Морщась от боли, он захватил зубами деревянный шип и выдернул его, при этом обрызгав кровью свою рубаху.
– Это… ты?! – вдруг сообразил он, остолбенело уставившись на рассыпанные по столу зубочистки – в спешке я был неосторожен.
– Успокоился? – ответил я вопросом на вопрос.
Я думал, что Эрнесто кондрашка хватит. Выпучив глаза, он долго смотрел на меня, будто на нечистого, а затем расхохотался.
– Ах, Мигель, ну до чего я тебя люблю! – Он смахнул слезу умиления. – Прости, я был не прав. Все виски… проклятое виски! Клянусь…
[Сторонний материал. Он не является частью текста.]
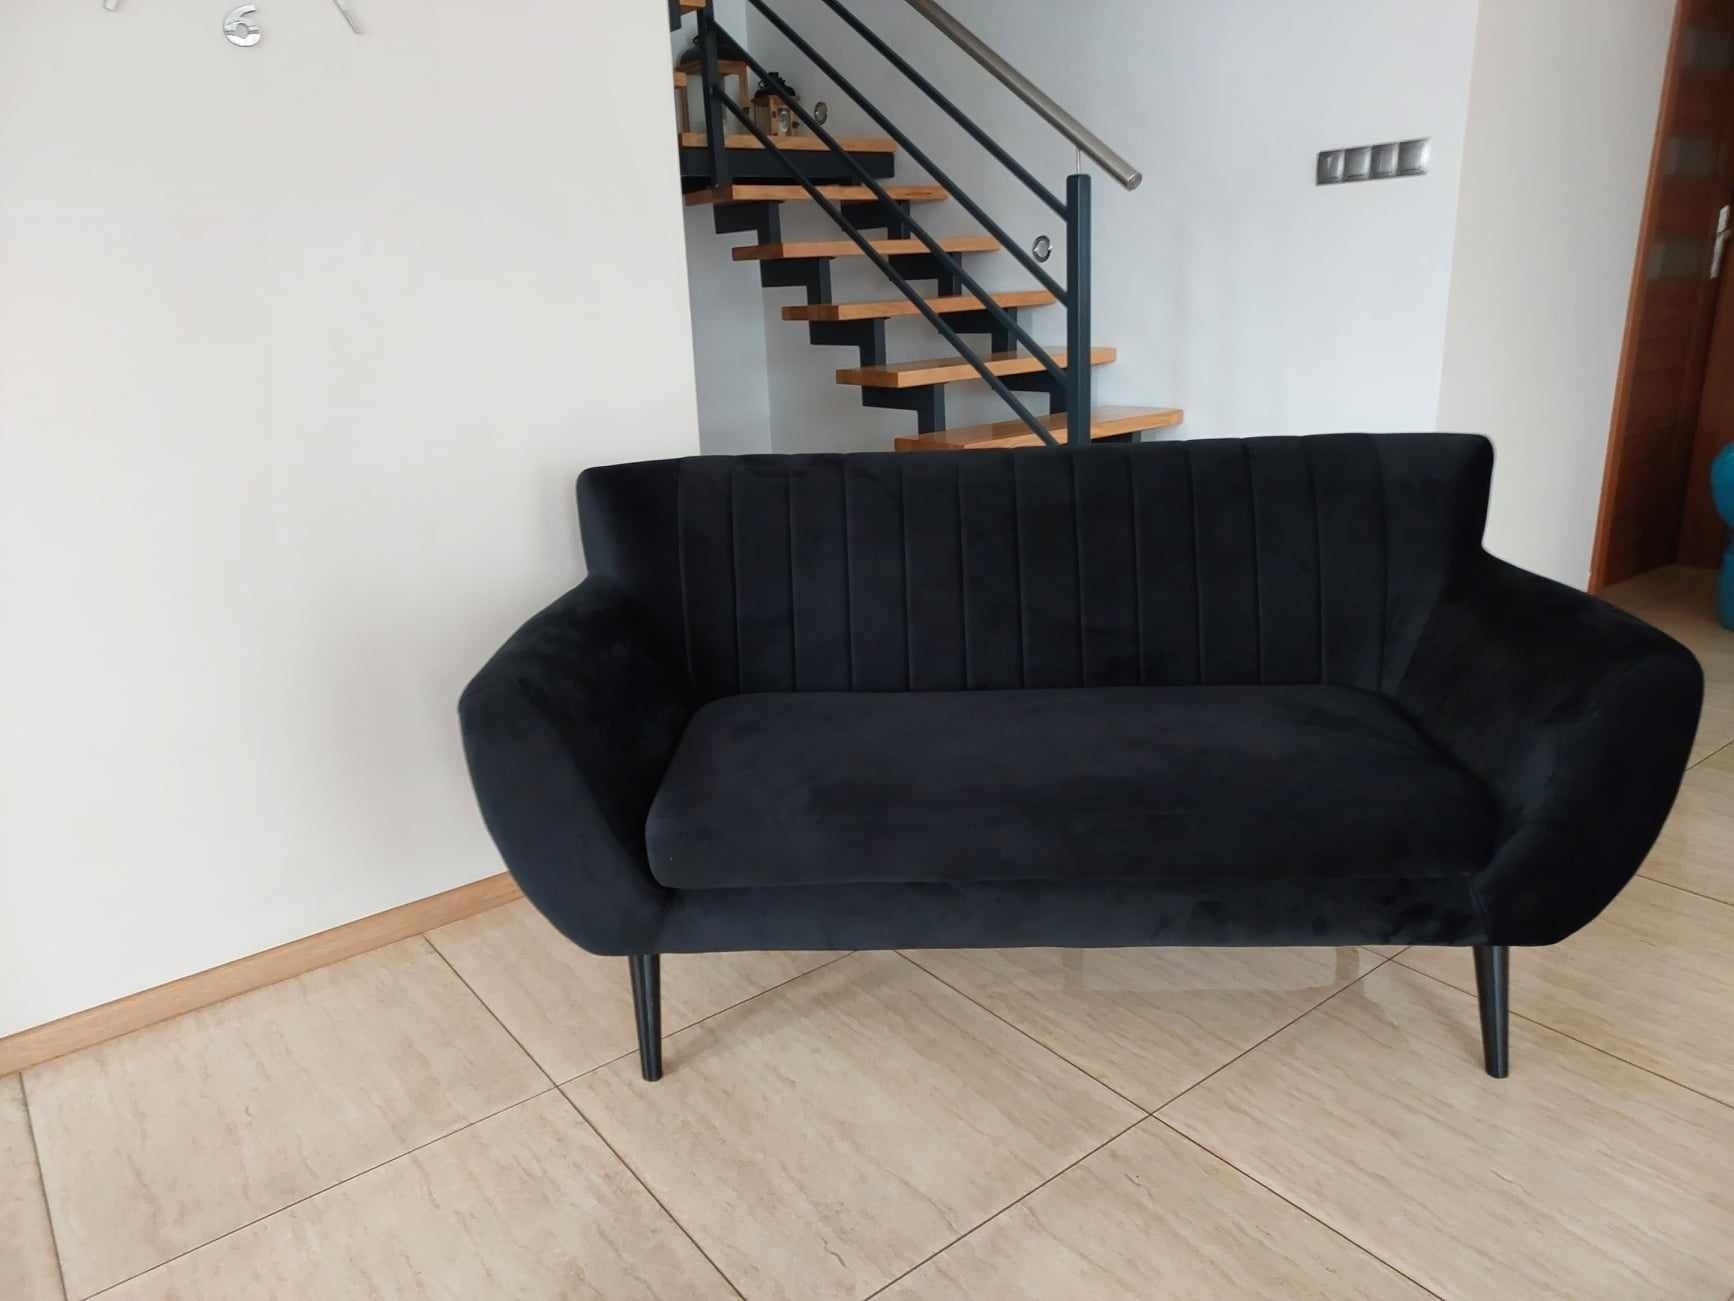 PERUGIA -2 OSOBOWA 

Elegancka i wygodna sofa ,wykonana n

– Помолчи! – прошипел я и так выразительно взглянул на кающегося напарника, что он даже пригнулся к столу. – Не делай лишних движений. Просто сиди и глотай свое пойло.
– Что случилось? – спросил он испуганно.
– Потом…
Слава богу, до Эрнесто дошло. Он хмуро подмигнул мне и нацедил новую порцию дрянного бурбона. Но пить не стал, только делал вид. На удивление, мой напарник практически протрезвел. Я знал, что он ощущает дыхание близкой опасности не хуже, чем я.
В дальнем, темном углу, где был запасной выход, кучковалась подозрительная компашка. Наверное, я бы не обратил на нее внимания, не покажись один из ее состава знакомым. На его голове красовалась широкополая шляпа, скрывающая лицо. Он что-то втолковывал сидевшим за длинным столом подонкам, доверительно похлопывая одного из них, разбойного вида малого с модной серьгой в ухе, по плечу. Видимо получив согласие – все дружно закивали, а кто-то радостно заржал, – он что-то ткнул в руки здоровяку с дамским украшением в мочке и бочком, как краб, шмыгнул в приоткрытую дверь запасного выхода. Я, конечно, мог ошибиться, но этот странный тип уж очень смахивал на стукача Синдиката Кестлера, как я понял, приставленного к нам синклитом боссов в качестве тайного соглядатая. Что бы это могло значить? Марио болтается черт знает где и зачем, лиса Кестлер обретается в компании таких типов, с которыми может общаться разве что такой же подонок, как и они сами… Странно…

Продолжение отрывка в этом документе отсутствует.